> **Work item**
Leave out the pictures and repeat the data exactly.

> **Data segment**
⟨

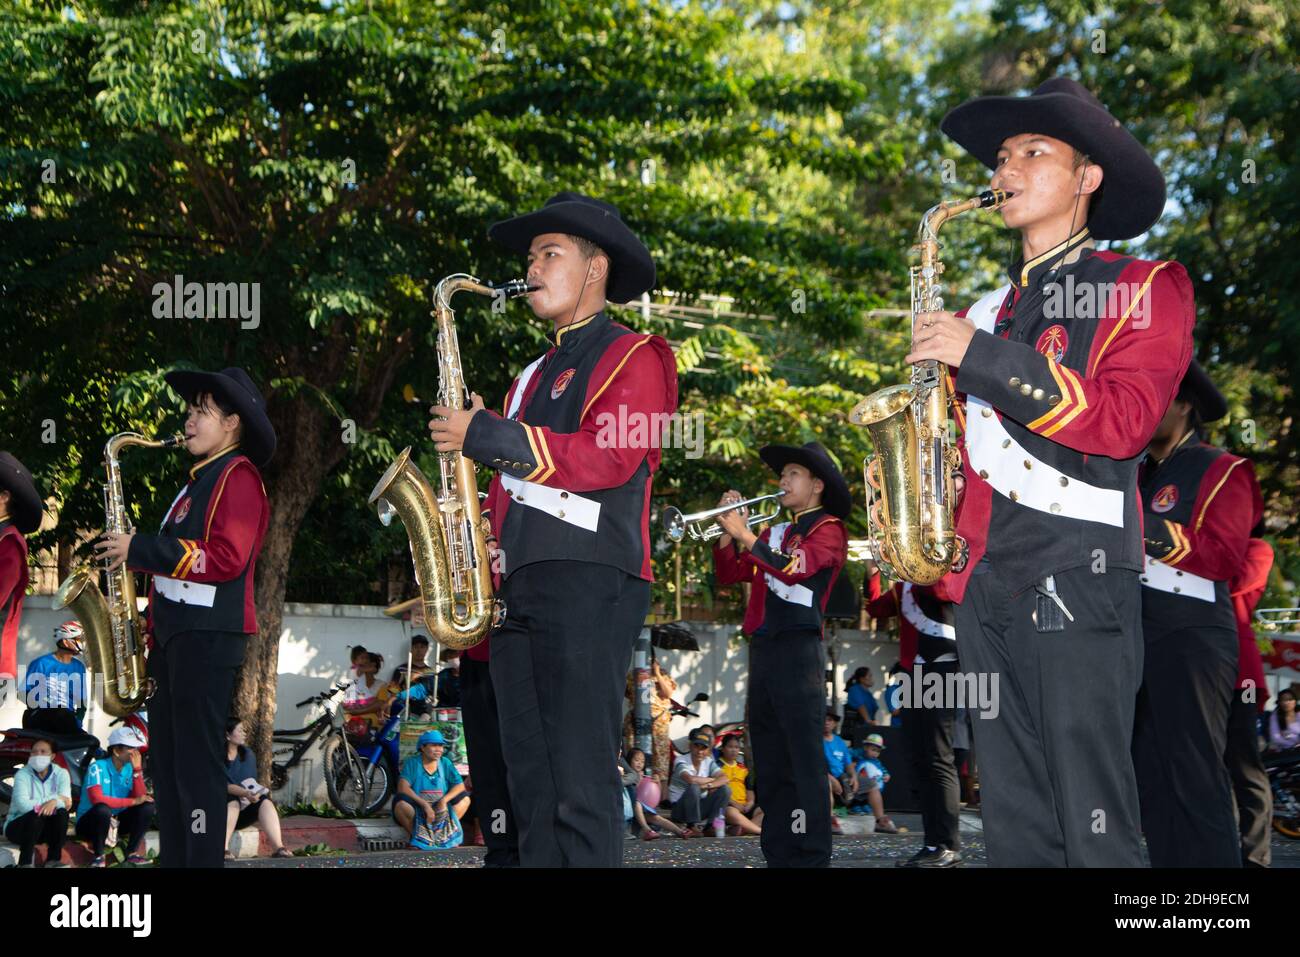 Sfilata di Marching Band mentre si esibisce per strada, i partecipanti prendono parte alla celebrazione della tradizione internazionale di Pook Xiao. Foto Stock
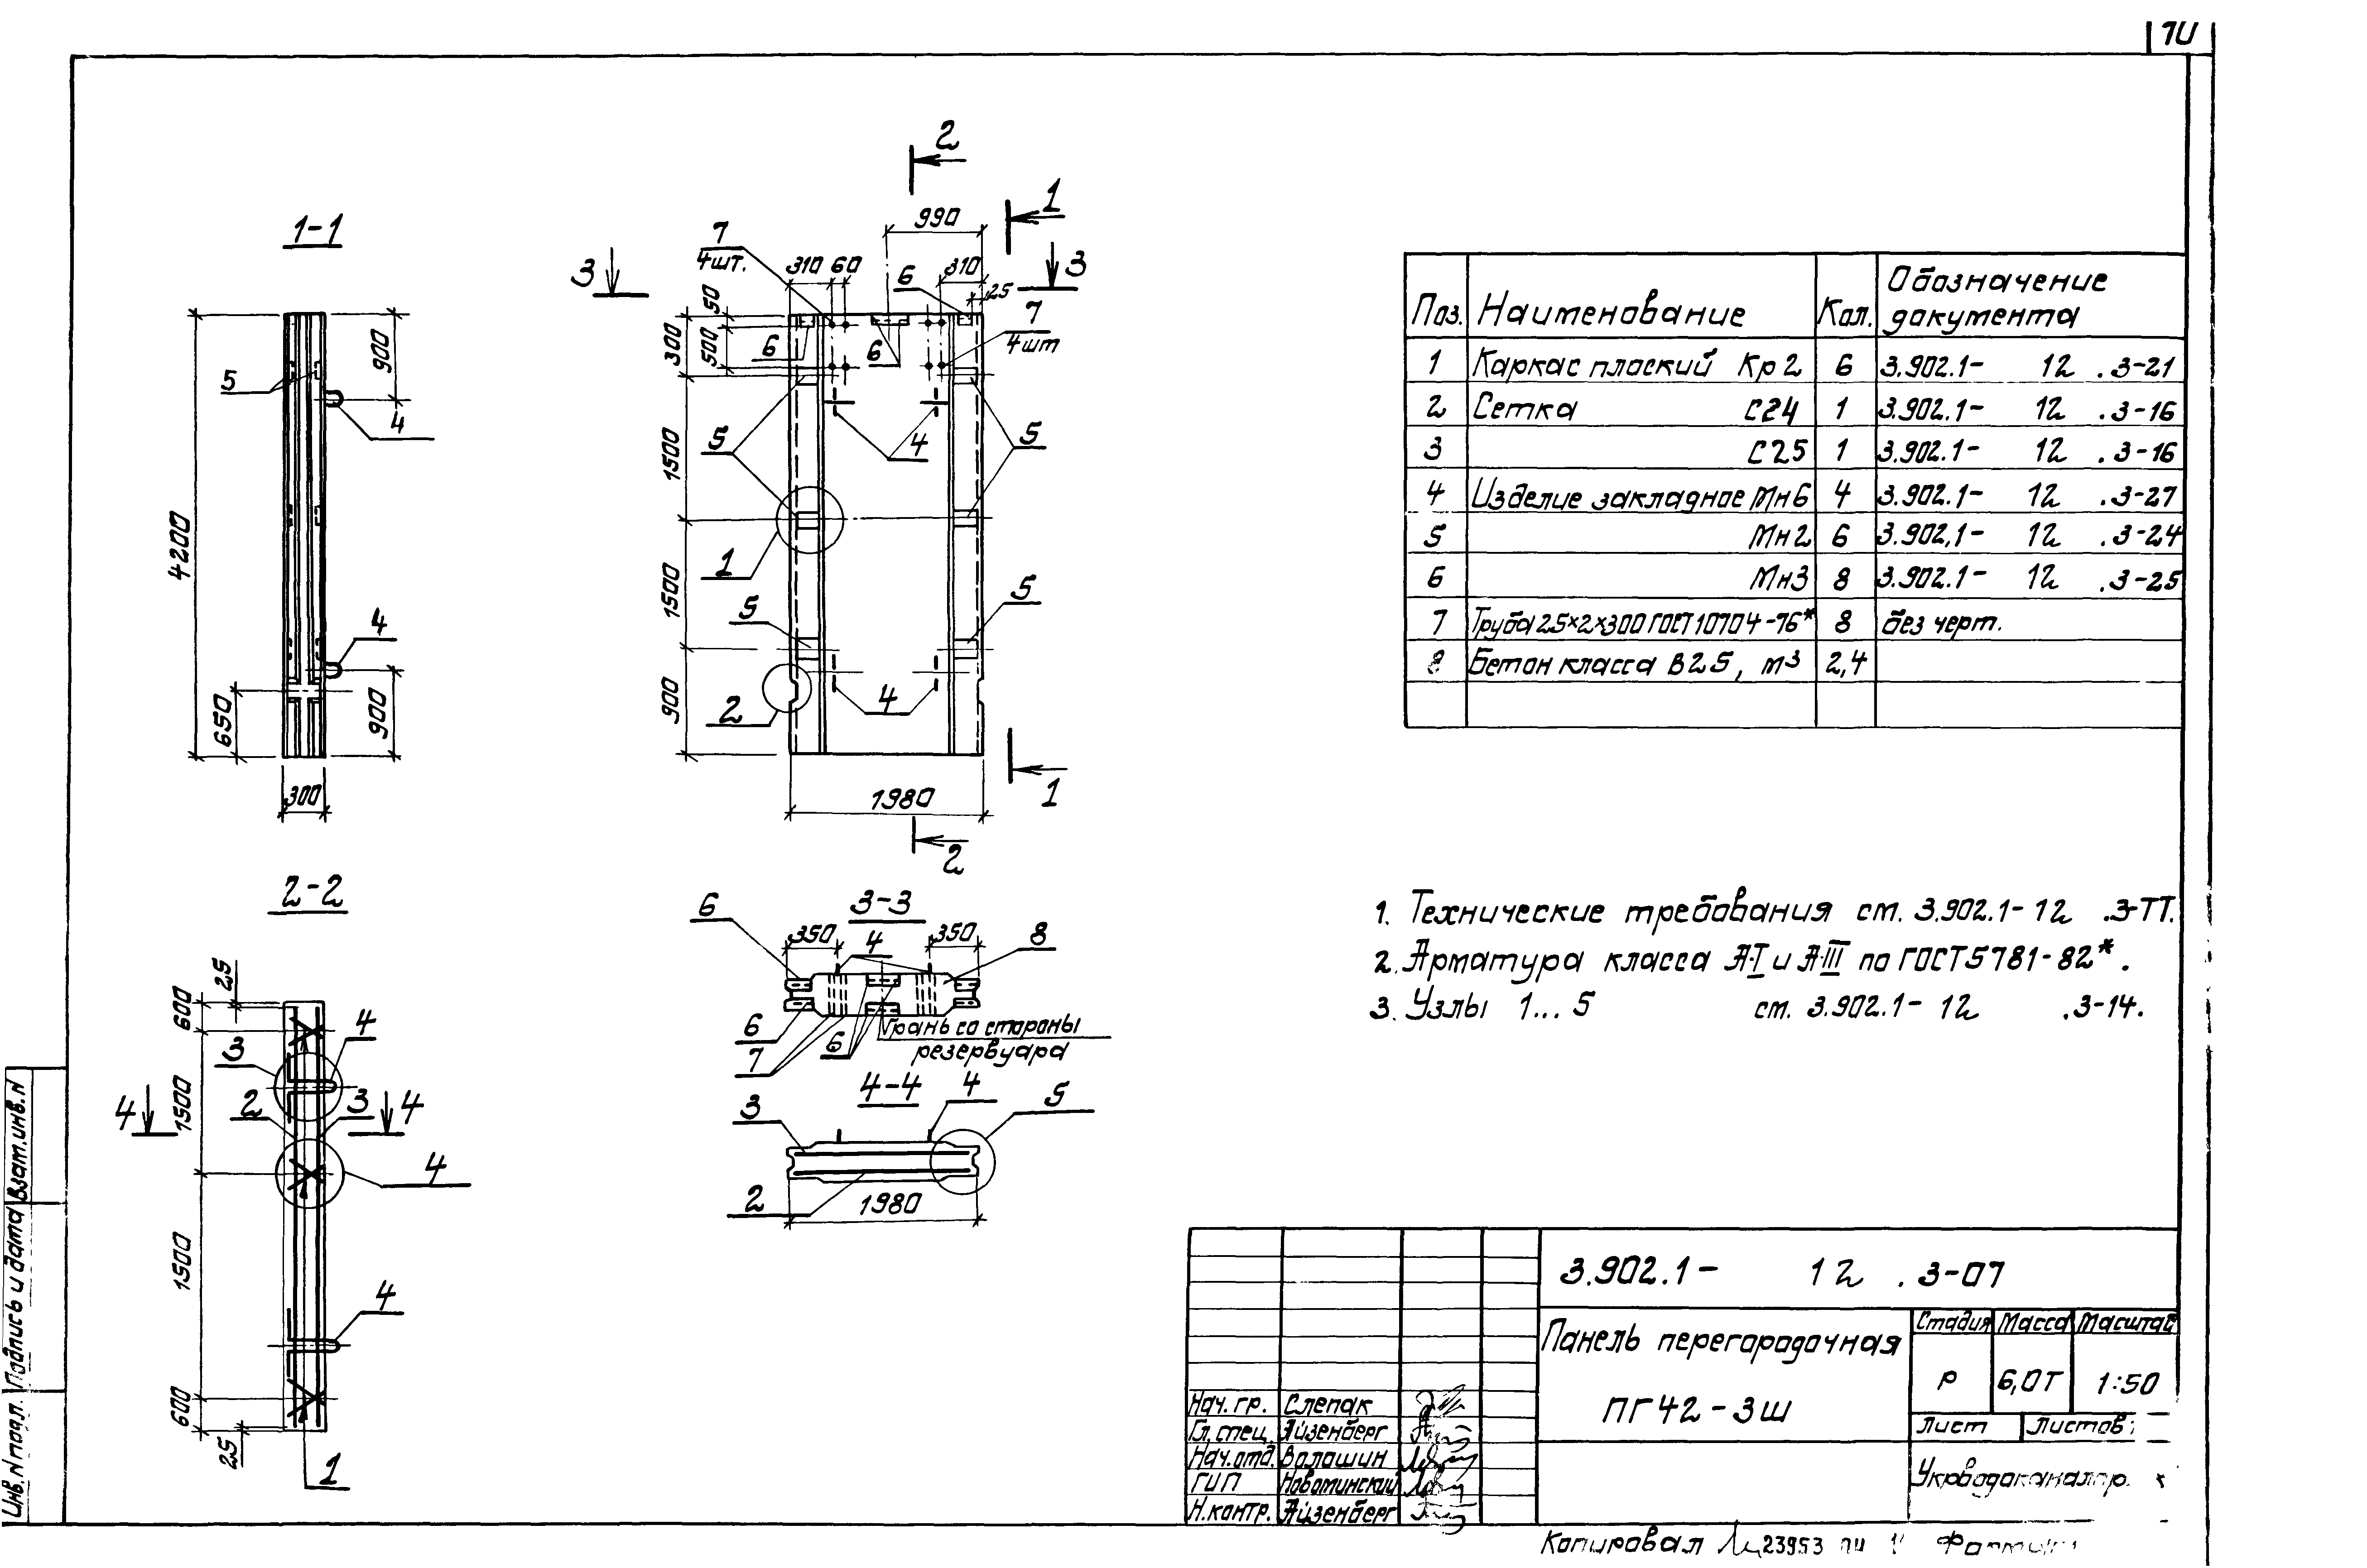 Панель перегородочная ПГ42-3-ш Серия 3.902.1-12, вып.3
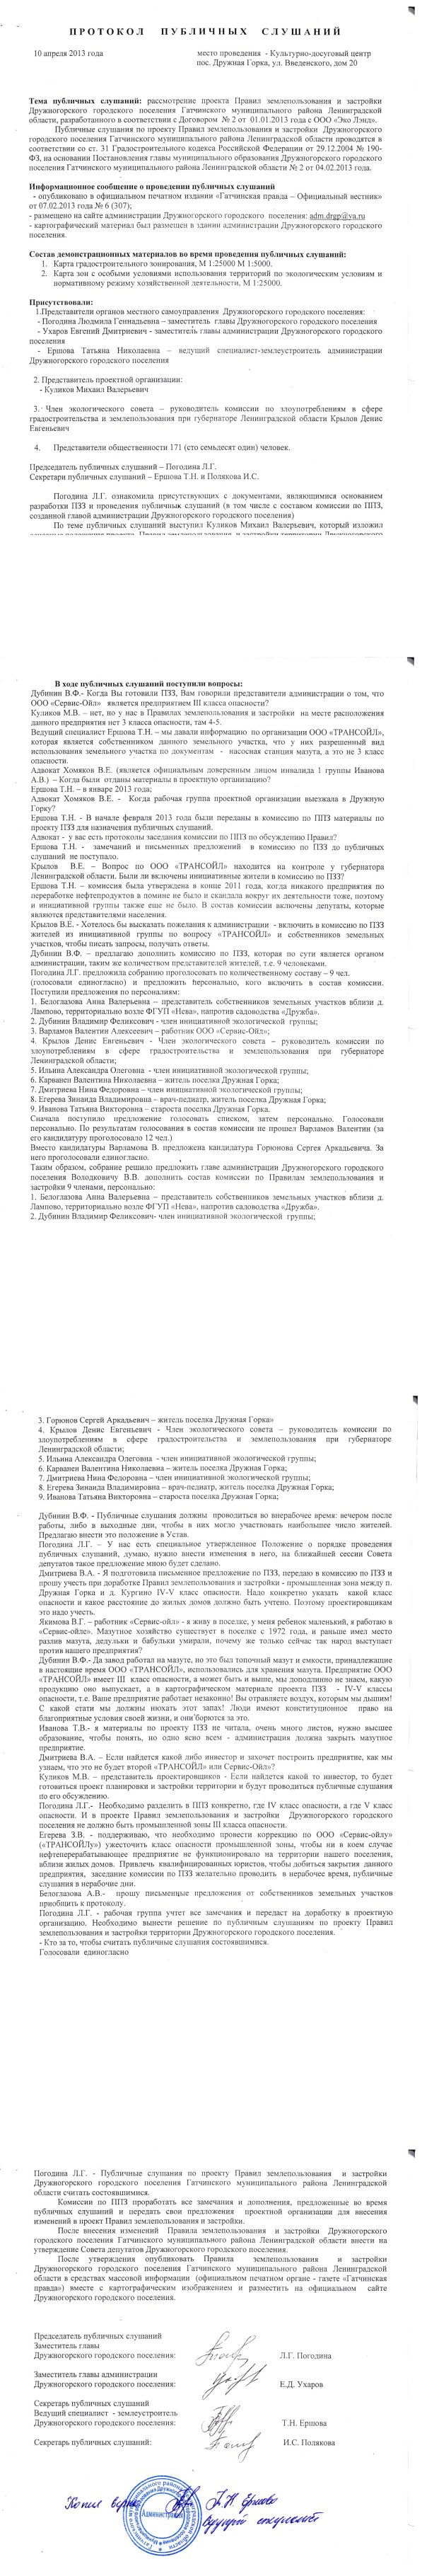 Протокол слушаний по проекту ПЗЗ Др. Горки от 10.04.2013

⟩

> **Answer box**
 Sfilata di Marching Band mentre si esibisce per strada, i partecipanti prendono parte alla celebrazione della tradizione internazionale di Pook Xiao. Foto Stock
 Панель перегородочная ПГ42-3-ш Серия 3.902.1-12, вып.3
 Протокол слушаний по проекту ПЗЗ Др. Горки от 10.04.2013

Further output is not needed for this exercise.